By “HTM” I understand you pair a TM with a SP, the pipeline being:
values → SDR Encoder → SP → TM → next step predictions

If you-re keen on sample efficiency you can skip the SP above if the SDR Encoder is outputting decent SDRs (constant sparsity). That would avoid SP’s “learning” stage which implies inconsistent encodings till it stabilizes to consistent representation.


I can’t help but feel you are trying to fit a square peg in a round hole.

The “prediction” part of HTM is just to recall the T+1 potential match(s) to the T pattern. The anomaly part is just that when T+1 becomes the new T, the sensed pattern does not match the recalled pattern(s)/prediction(s).

Note the (s) part. HTM might try to predict many possible outcomes; not a desirable property in a control algorithm.

For your “next angle = old angle + angular velocity” example this is essentially a lookup table. This is not really what HTM does.

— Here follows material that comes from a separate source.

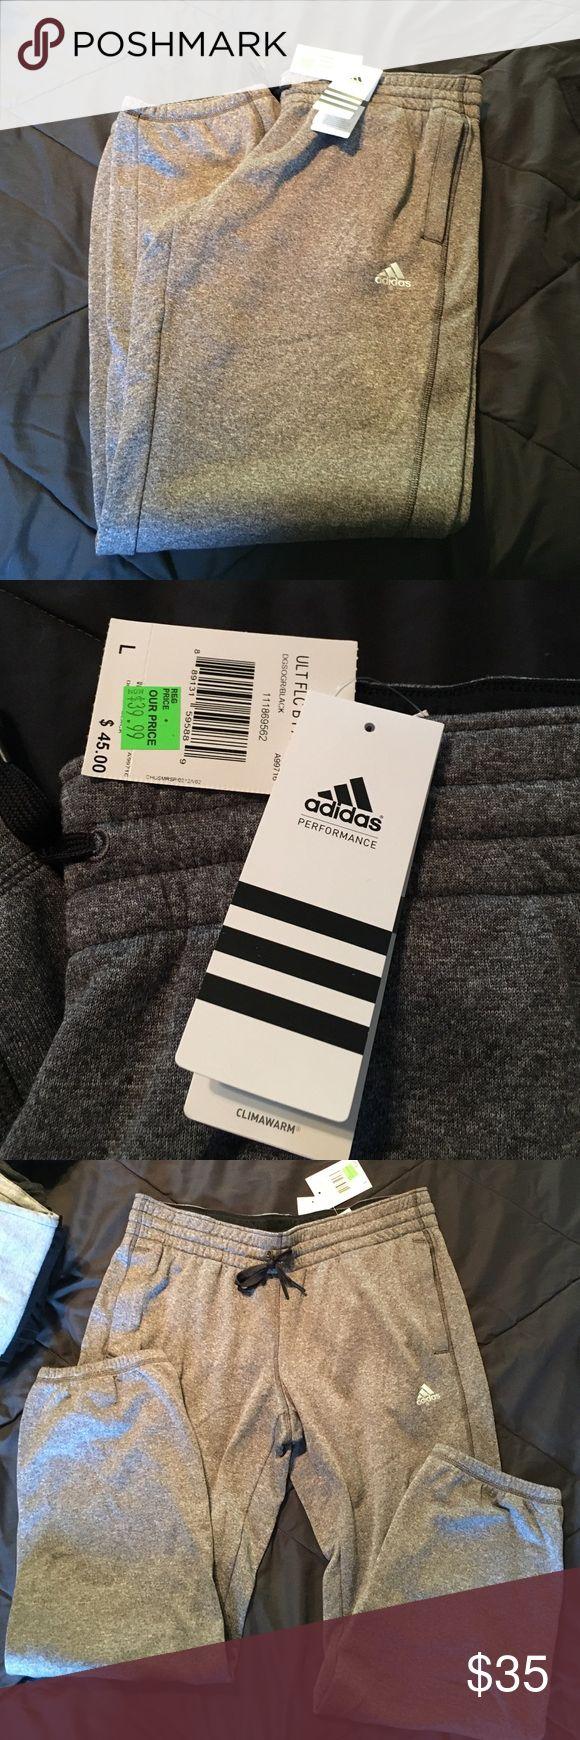 Adidas grey fleece jogger pants size large Adidas grey fleece jogger pants size large. NWT. Never worn. Pockets on both sides. Elastic waist with ties. And elastic at bottom of pant. Adidas Pants
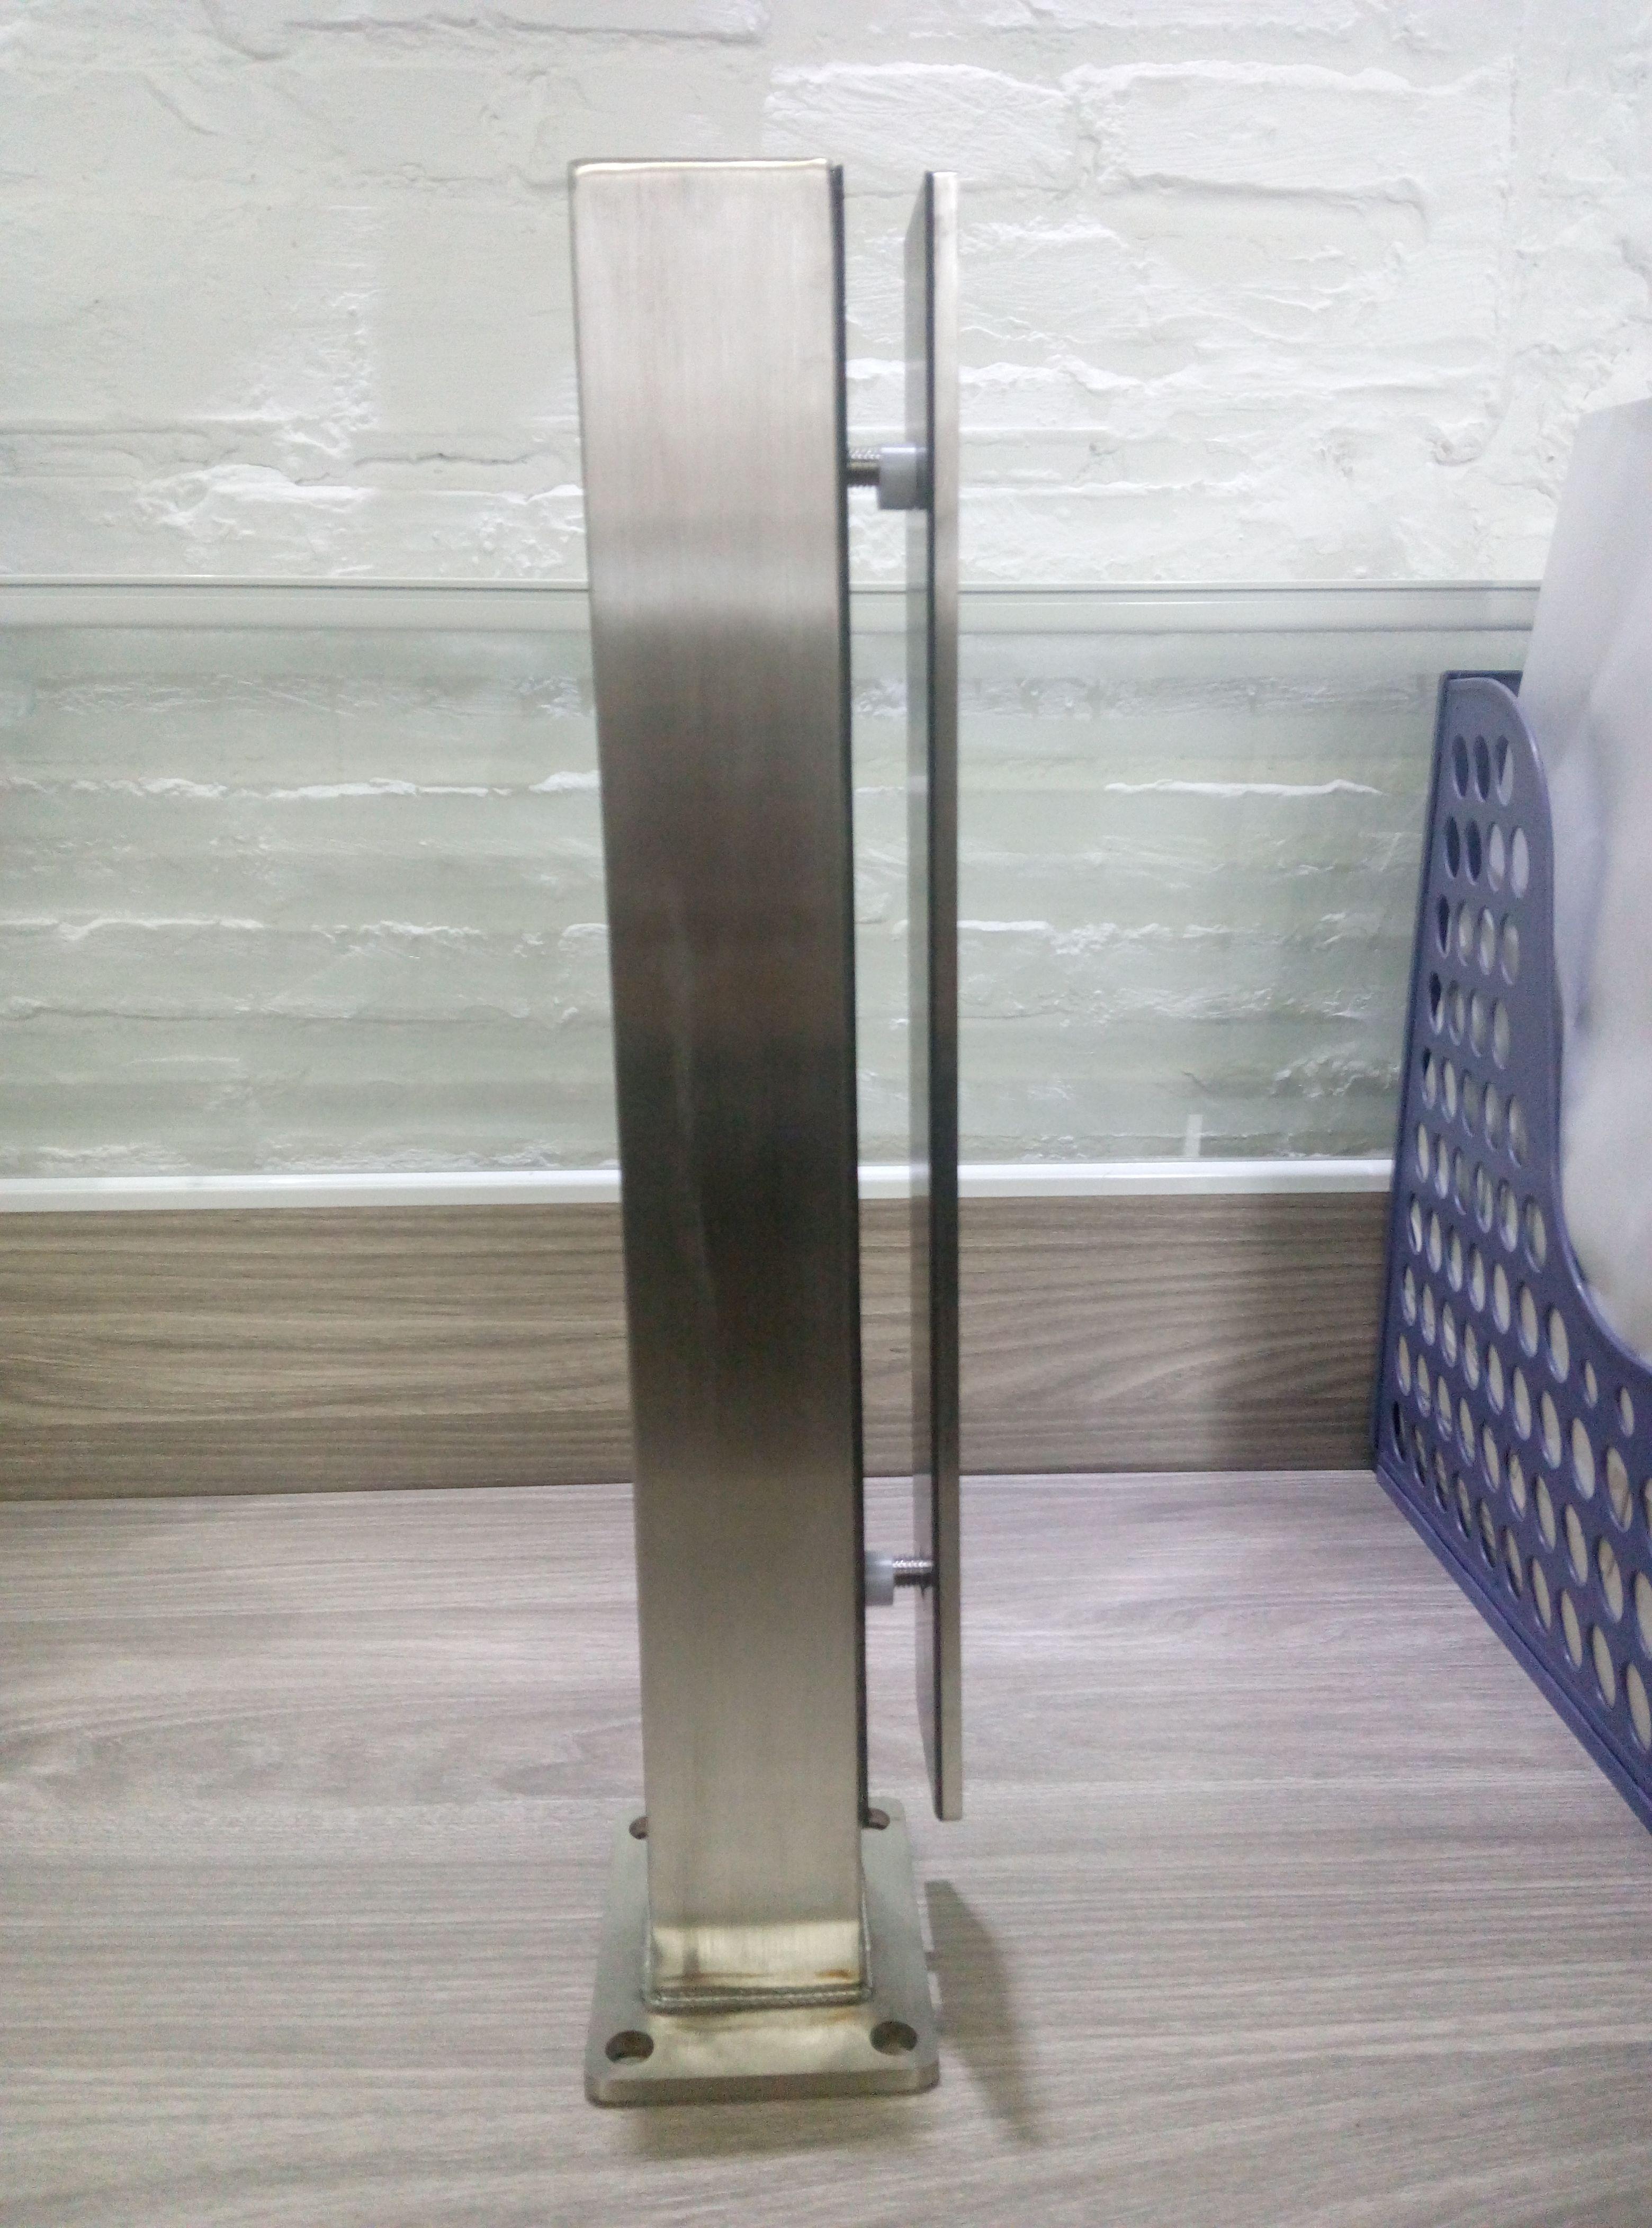 Stainless Steel Short Mini Post From China Supplier Shenzhen Launch Co Ltd Stainless Steel Railing Glass Balustrade Steel Railing

HTM might tell you that the cart is not following a pattern it has seen before. There are many good applications where signalling that something is “not right” is a very desirable behavior, but a very simple conventional neural network would be a better fit for driving a “cart pole” kind of problem.

You should have many tools in your toolbox, and know how and when to use each one.


I appreciate the feedback, but I thought this was foundational to numenta’s theory of the brain. The neocortex clearly models the world using learned abstractions which help to predict upcoming inputs. As I understand it, HTM is (one small section of this overall algorithm) derived from a (rough) understanding of neuroscience and neocortical principles, so is that not what we’re eventually aiming for? To get better at prediction and modelling arbitrary input?

The HTM has some amazing properties, like being robust to noise, local learning rules, not suffering from forgetting old values, modelling sequences of patterns with only a few repetitions, not needing to rely on ground truth labels for anything, simultaneous predictions like you said, and many more. There seems to be an immense potential to use (and extend) the HTM model for prediction. I don’t see simultaneous predictions as an error, if it can identify multiple possible interpretations of data then fantastic! It’s less about the absolute prediction error for the next timestep, and more about building up a sample efficient method of finding useful abstractions from arbitrary data. An internal model of the input that can capture relations at a sufficiently high level.

As that’s not currently possible with the existing HTM model, I’m attempting to probe the knowledge of the experienced members here and see if there are other insights or areas that could lead to more prediction-like systems, instead of just anomaly-detecting ones. I’ve seen (extensions of) the HTM algorithm used for reinforcement learning and controlling an agent with reward, so my impression so far is that it is far less limited than that one domain. If there are any other resources you think I should know about I’d love to hear your recommendations


The cortex is doing a lot of things.

Classic HTM focuses on both the temporal aspect and the sparsifying behavior of the spatial pooler.

TBT starts to move on (baby steps) to a system view. At this level we start to see the pattern completion behavior of the cortex. The cortex takes the noise buzzing/blooming world in and pattern-completes that to a region/map wide sparse representation of a prior learned pattern.

At some point the H of HTM will come into focus that then we will start to see the more interesting things that the cortex does - associating a pattern in one map/region to patterns in other maps/regions. This chaining of a perception in one map to remembered solution (guided by needs from the subcortex) is where the magic happens. If this interests you see my numerous posts on the “loop of consciousness” for the kind of processing done at this level. See the example below.

This is the level I have been looking at for many years - the system level behavior that does all the interesting things that the brain does.

Knowing what a single transistor does, even if in great detail, does not really explain how a collection of transistors in a computer draws a cat picture from the internet. Even stepping up a level to making gates and flip-flops is still a long way from kitten pictures. You need higher-level concepts and thinking to understand the system level behaviors.